Для организации первого военного поселения император Александр выбрал территорию Белоруссии, а точнее Климовический уезд Могилевской губернии. Местность эта располагалась на довольно отдаленном расстоянии от Петербурга. Наверное, для проведения первого опыта поселения войск полезнее была бы территория поближе к столице, но, видимо, интересы организации обороны от возможного наступления наполеоновской армии перевесили все остальные доводы.

На роль первых поселенцев были избраны солдаты одного из батальонов Елецкого пехотного полка, командиром которого являлся генерал-майор Лавров. Граф Аракчеев сделал предварительные расчеты: определил площадь земли, необходимой для первого военного поселения, количество зерна для первой посевной, начертил план поселка, схемы зданий и т. д.
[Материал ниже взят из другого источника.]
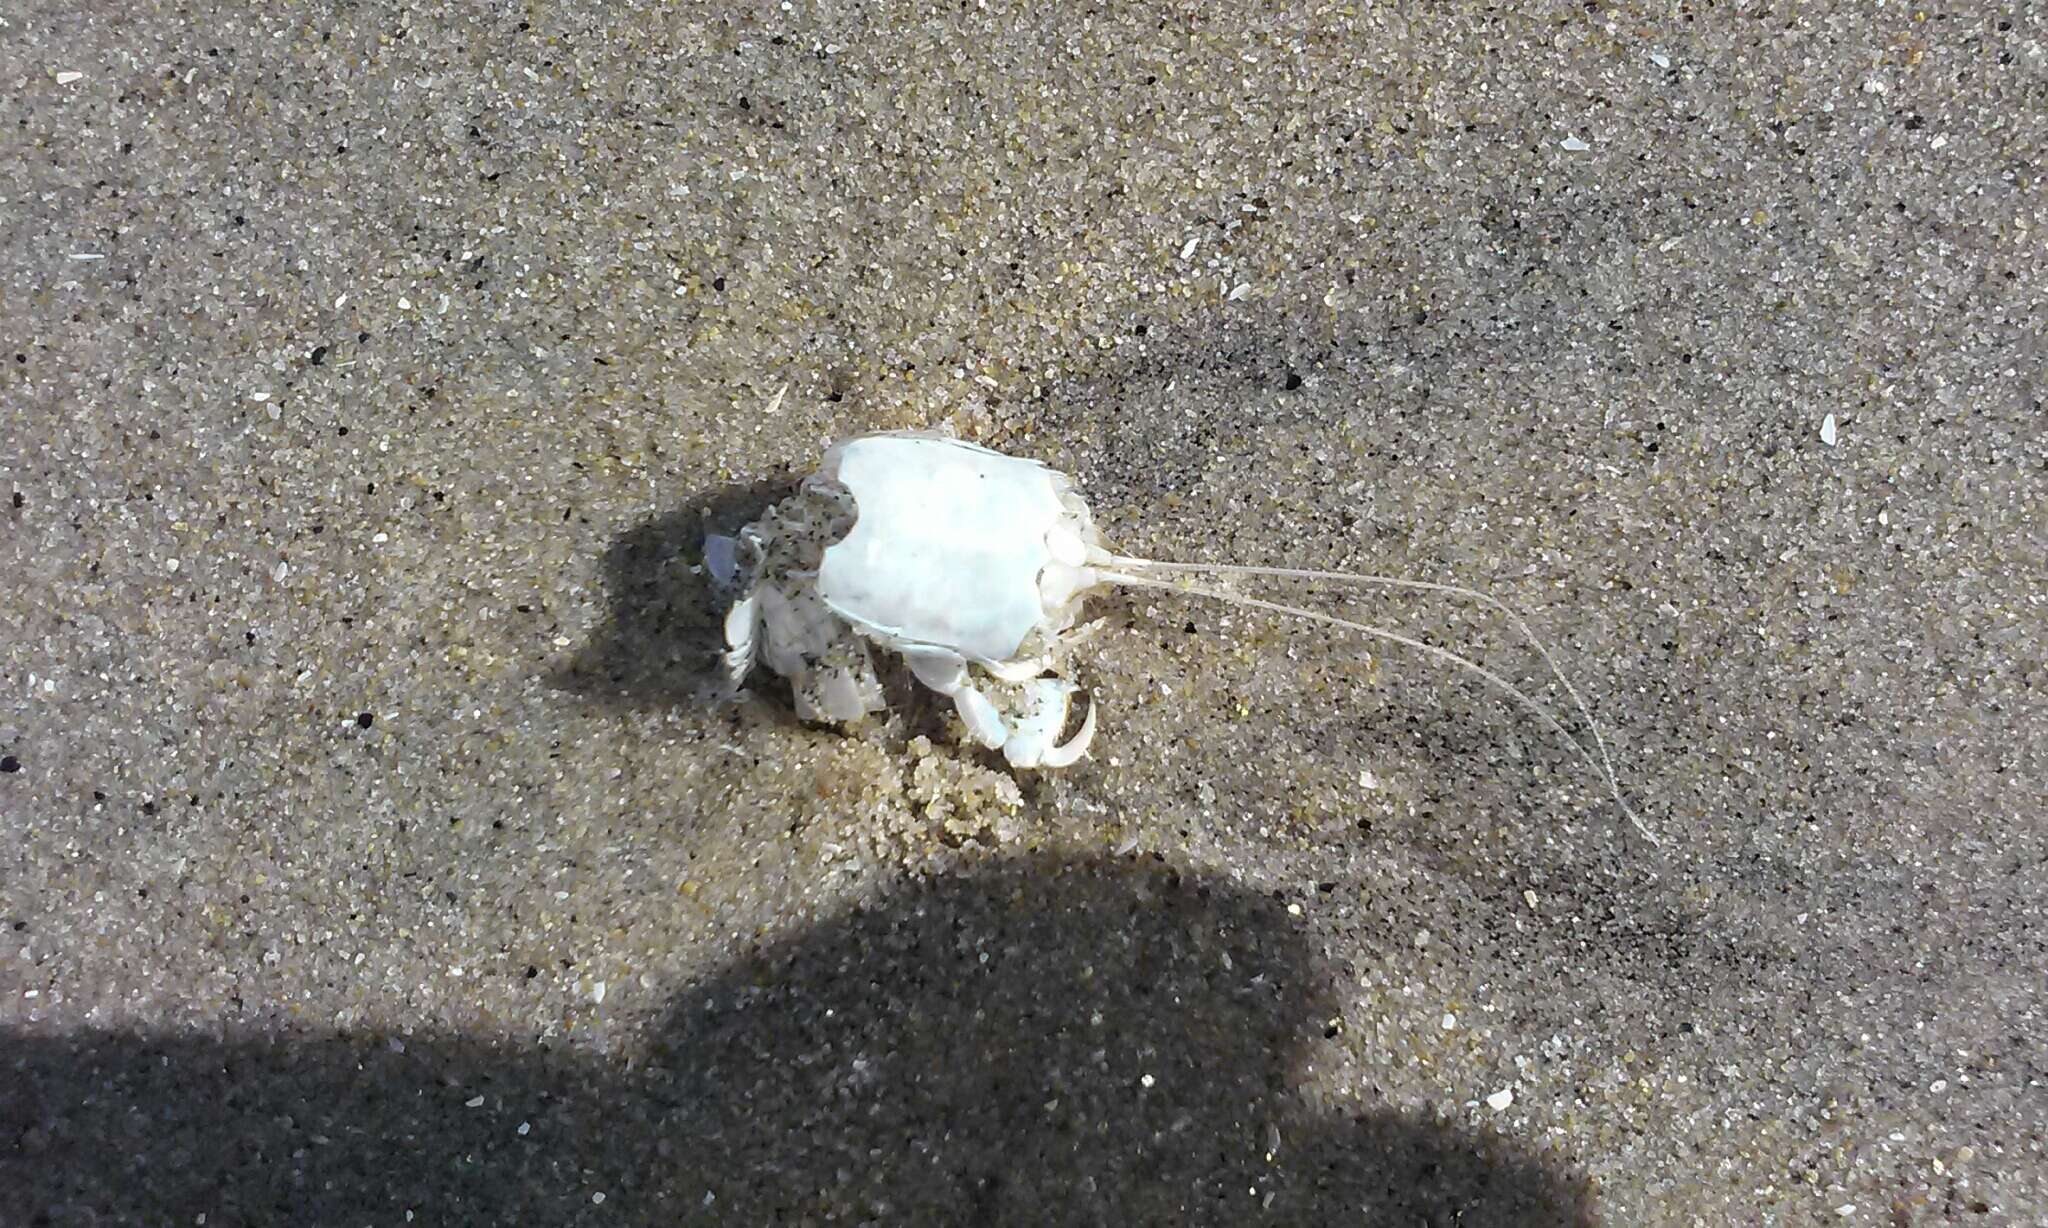 Image of California mole crab

28 июня 1810 года Его Величество писал Алексею Андреевичу в Грузино: «Домашнее несчастие, со мною случившееся, помешало мне с тобою увидеться в последнее твое пребывание в Петербурге. Потеря горячо любимого ребенка [156]156
  Речь идет о Зинаиде Нарышкиной, дочери Александра и Марии Антоновны.


[Закрыть]
лишила меня дня на три всякой возможности заниматься делом. Возвратясь из Царского Села, не нашел уже тебя в городе, ждал твоего приезда. Но, наконец, сестра моя причиною, что ты еще остался в Грузино. Чтобы не терять более времени, я приказал Лаврову ехать к тебе в Грузино для личного с тобою переговора, я ему весь план изъяснил. Военный министр извещен, что сию часть я исключительно поручаю твоему попечению и начальству. Теперь остается начать. Чертежи твои весьма мне понравились, и мне кажется, лучше придумать мудрено. Лаврову покажи, пожалуй, все твое сельское устройство и, как скоро будешь свободен, приезжай в Петербург. За сим с помощию Божиею уже приступим к делу. При сем прилагаю все бумаги по сему предмету. Навек пребуду искренно привязанным».

9 ноября 1810 года Александр I издал на имя генерала Лаврова указ, которым повелел ему приступить к поселению одного из батальонов Елецкого полка на территории Могилевской губернии. Местные жители переселялись в Новороссийский край, в Херсонскую губернию. Их страдания, их телесные и душевные муки, вызванные переселением на новое место, разлукой с родиной, легли первым камнем в фундамент учреждения, названного военными поселениями. Вторым камнем легли в него страдания и лишения самих поселян – солдат Елецкого пехотного полка. Их ждал в Могилевской губернии тяжкий, изнуряющий и тело и душу труд.